## MATERIAL PROVIDED
______________________________
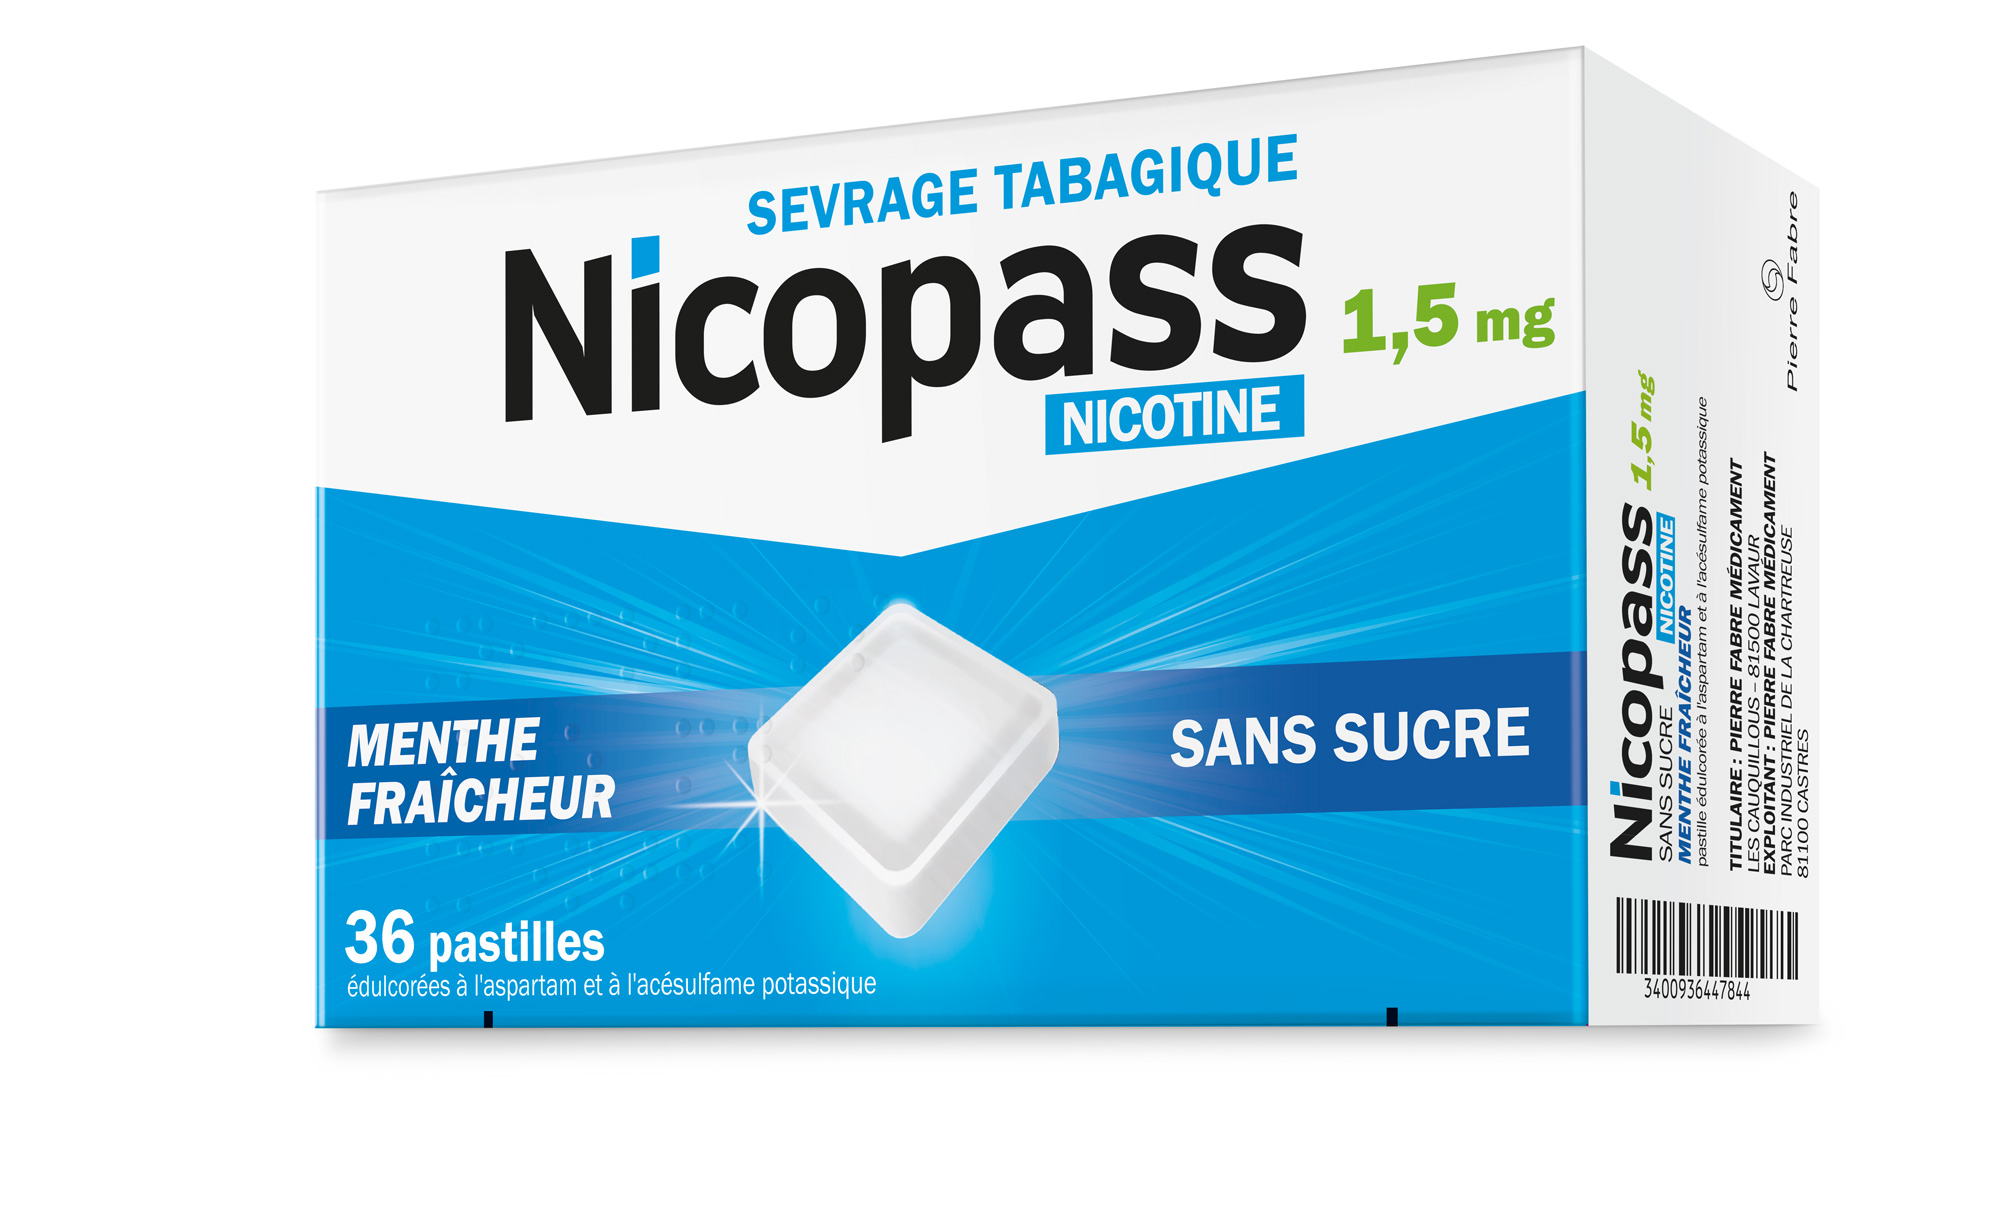 Photo de conditionnement <span class='vidalbox-gamme-product'>(NICOPASS 1,5 mg past sans sucre menthe fraîcheur)</span>
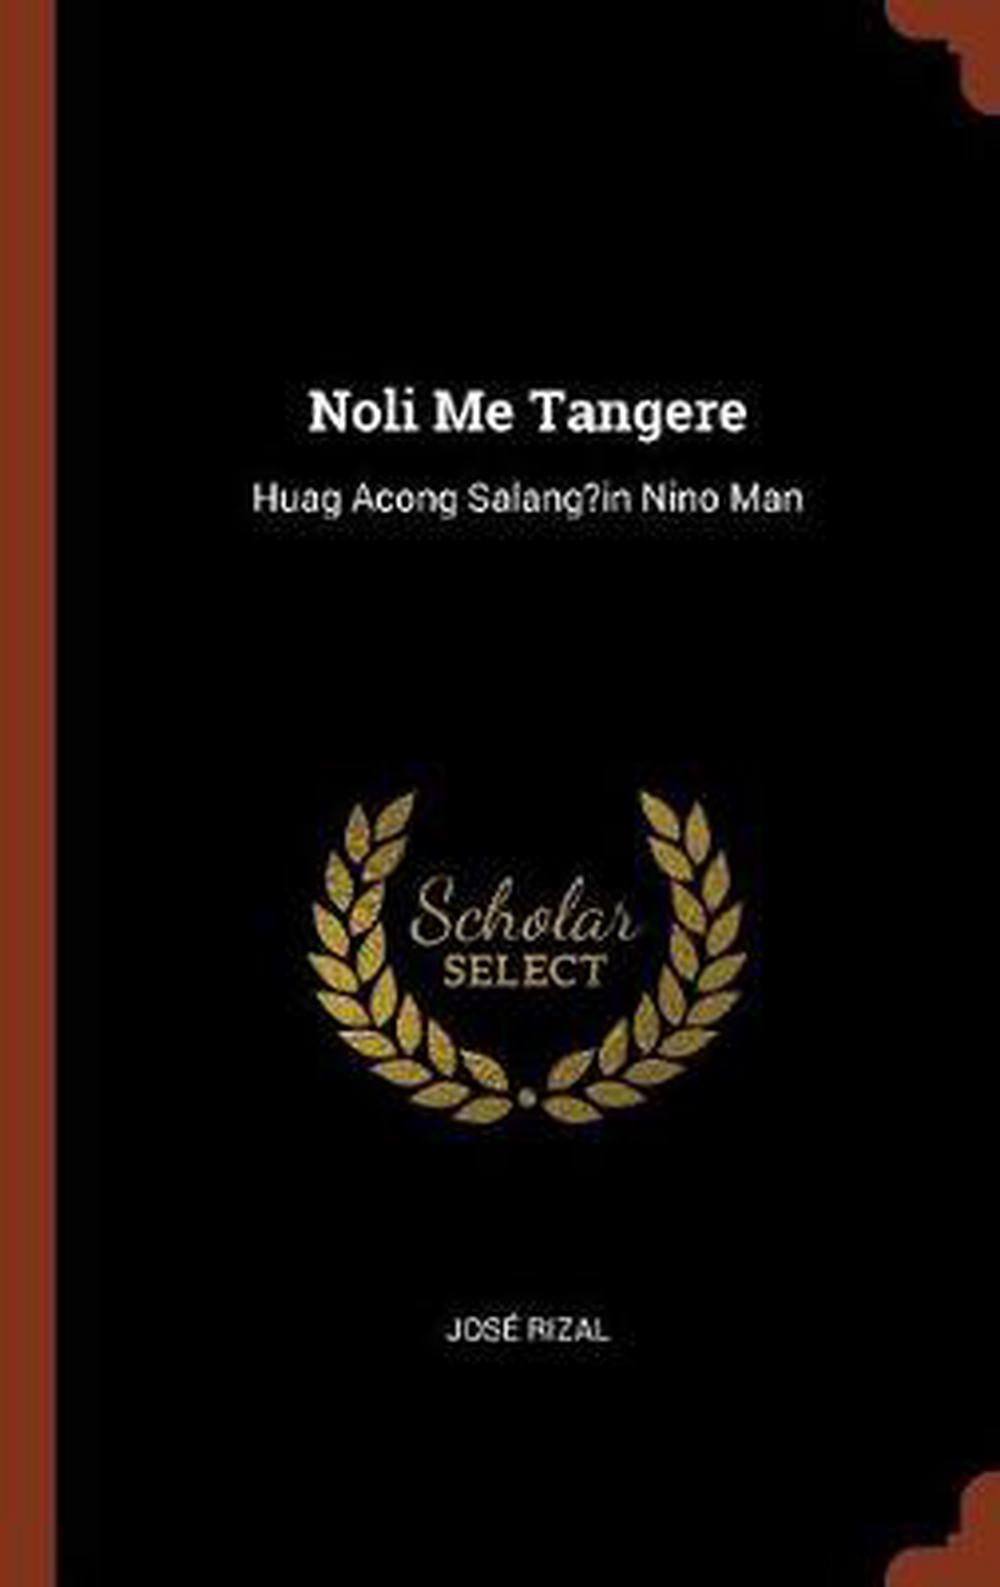 Jose Rizal Quotes Tagalog Noli Me Tangere - Conten Den 4
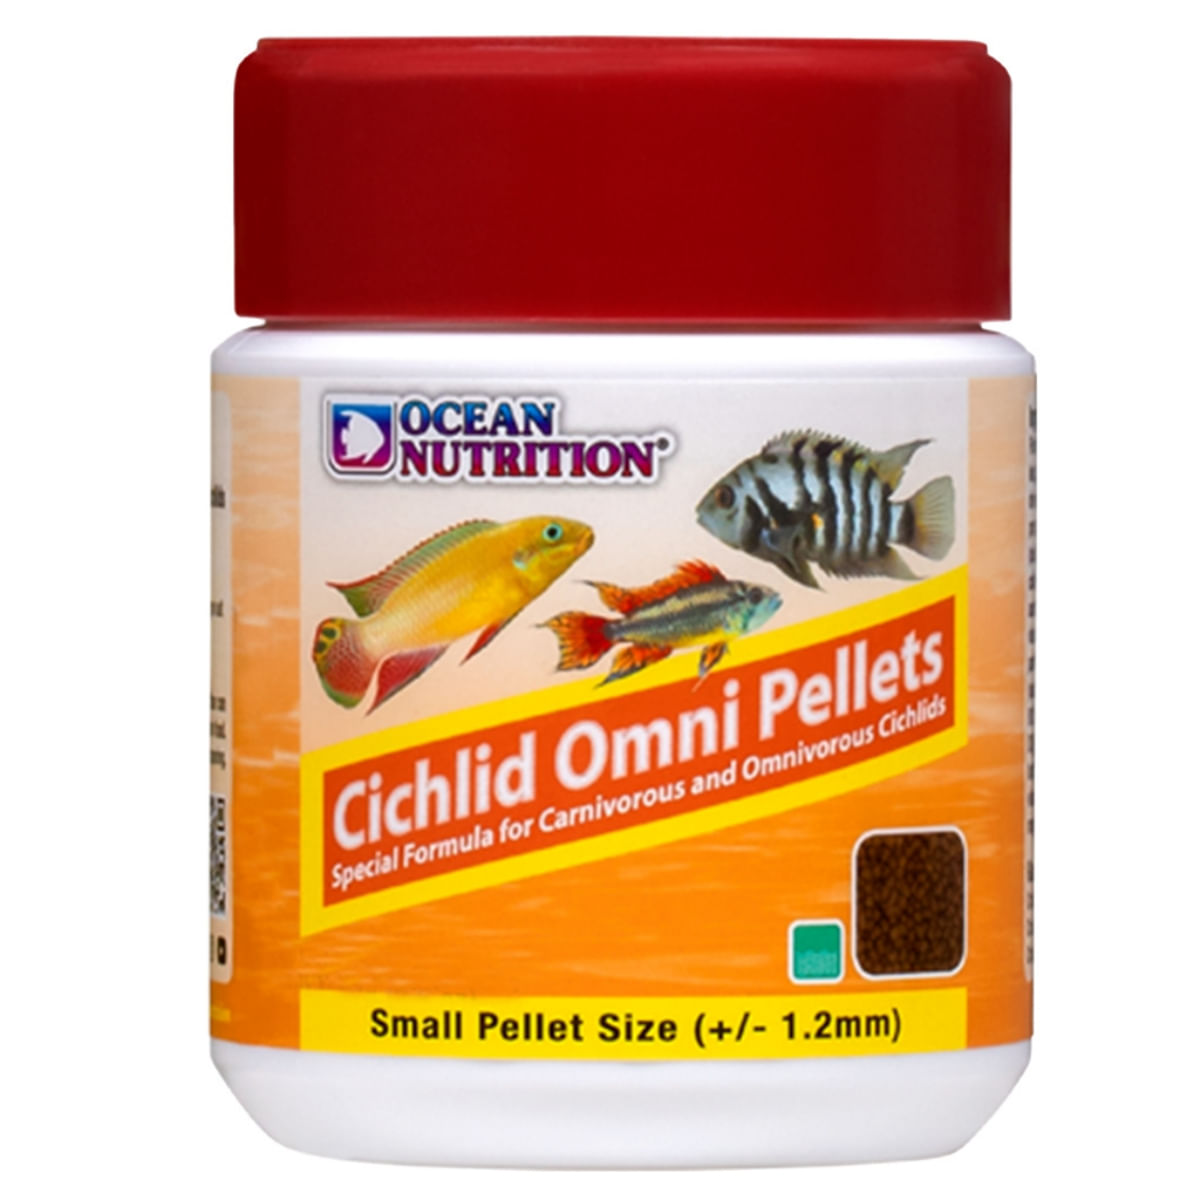 OCEAN NUTRITION Cichlid Omni Pellets Small, 200g 200g
______________________________
All that is needed is the data above, repeated exactly, without the pictures.

## SOLUTION TO THIS PROBLEM
 Photo de conditionnement <span class='vidalbox-gamme-product'>(NICOPASS 1,5 mg past sans sucre menthe fraîcheur)</span>
 Jose Rizal Quotes Tagalog Noli Me Tangere - Conten Den 4
 OCEAN NUTRITION Cichlid Omni Pellets Small, 200g 200g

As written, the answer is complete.